→ PROBLEM DETAILS: Everything in the listing below must be set down again exactly, apart from the pictures.

→ STORED DATA:
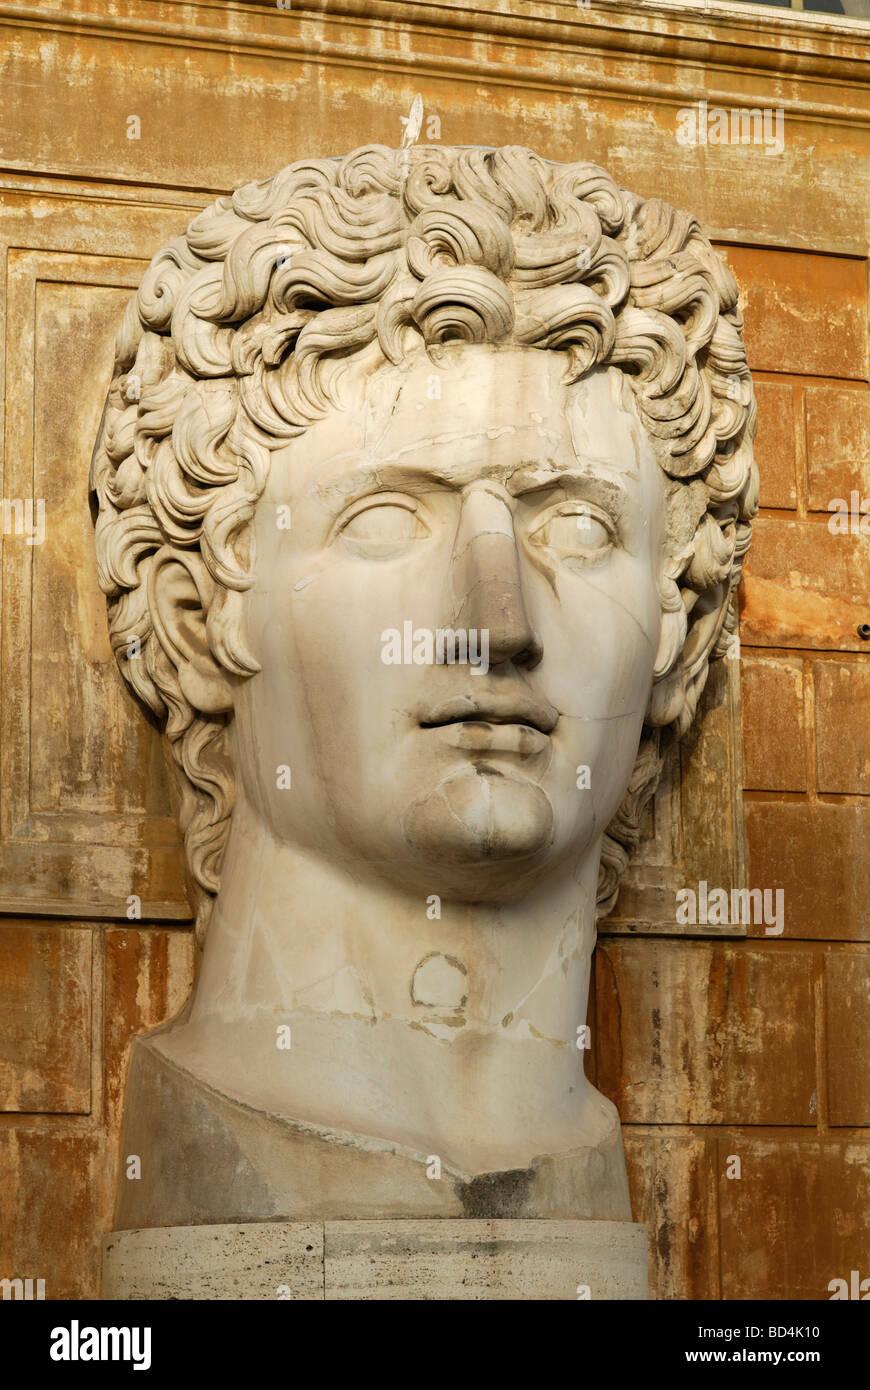 augustus caesar the first roman emperor essay
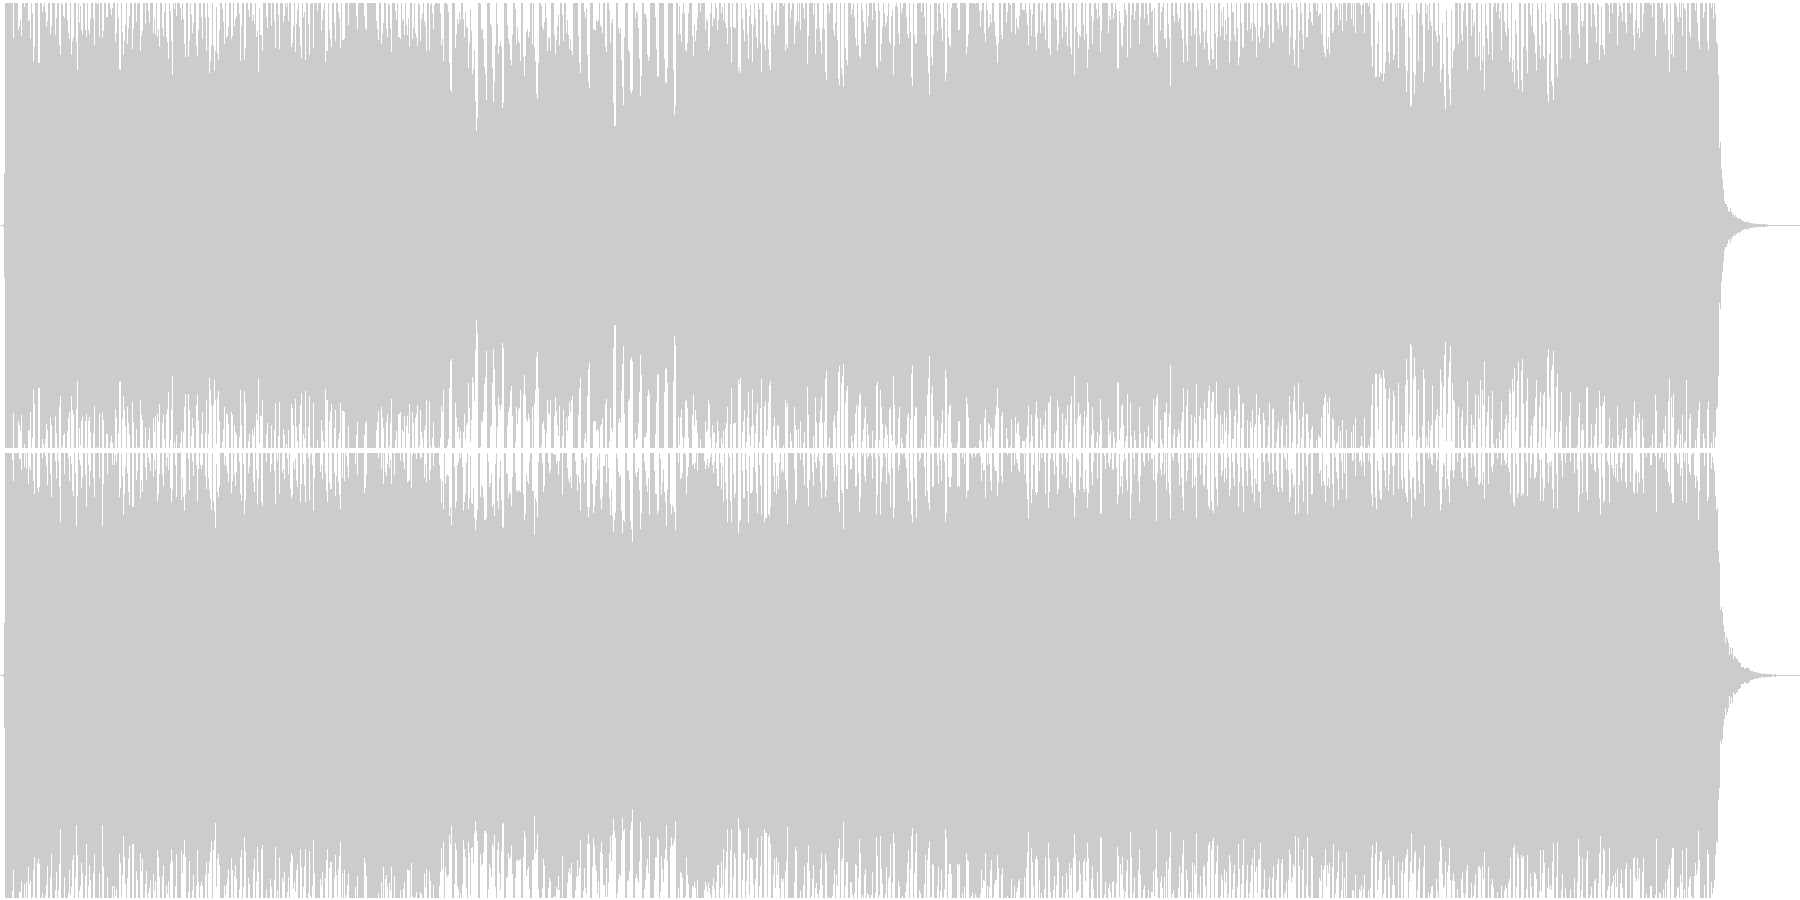 女性Vo★アニソンOP風テクノポップ曲☆の未再生の波形
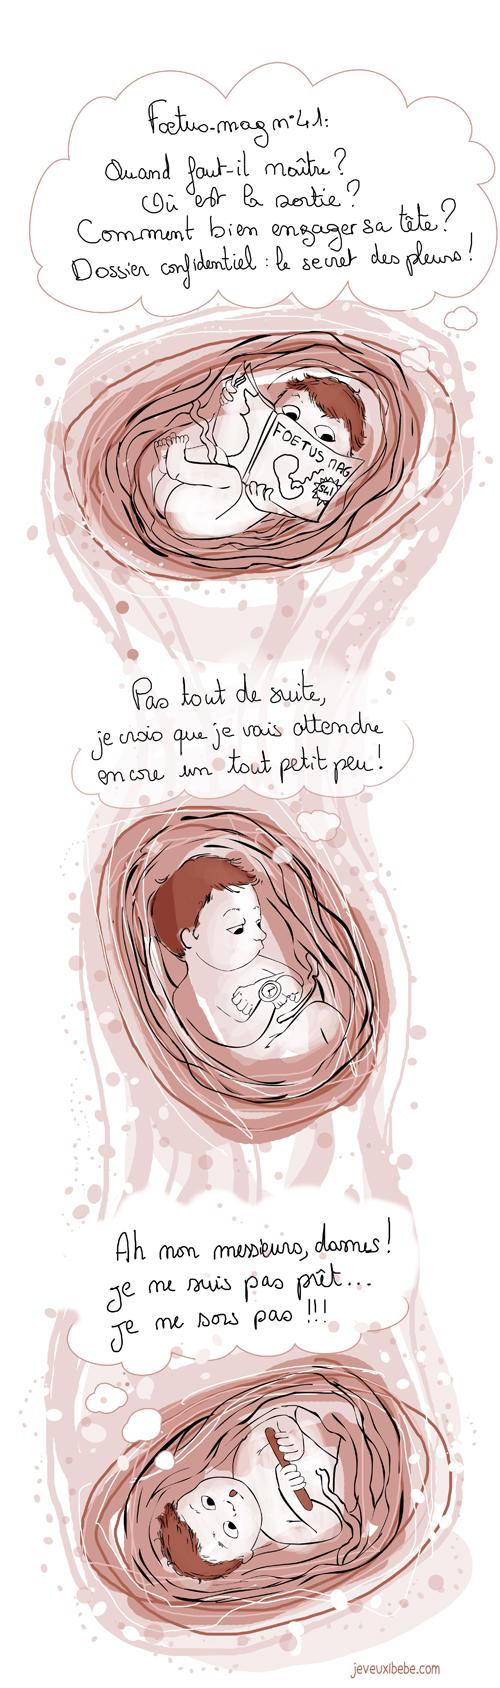 L'accouchement,Pendant ce temps... La vie in-utéro

→ REPLY TO THE EXERCISE:
 augustus caesar the first roman emperor essay
 女性Vo★アニソンOP風テクノポップ曲☆の未再生の波形
 L'accouchement,Pendant ce temps... La vie in-utéro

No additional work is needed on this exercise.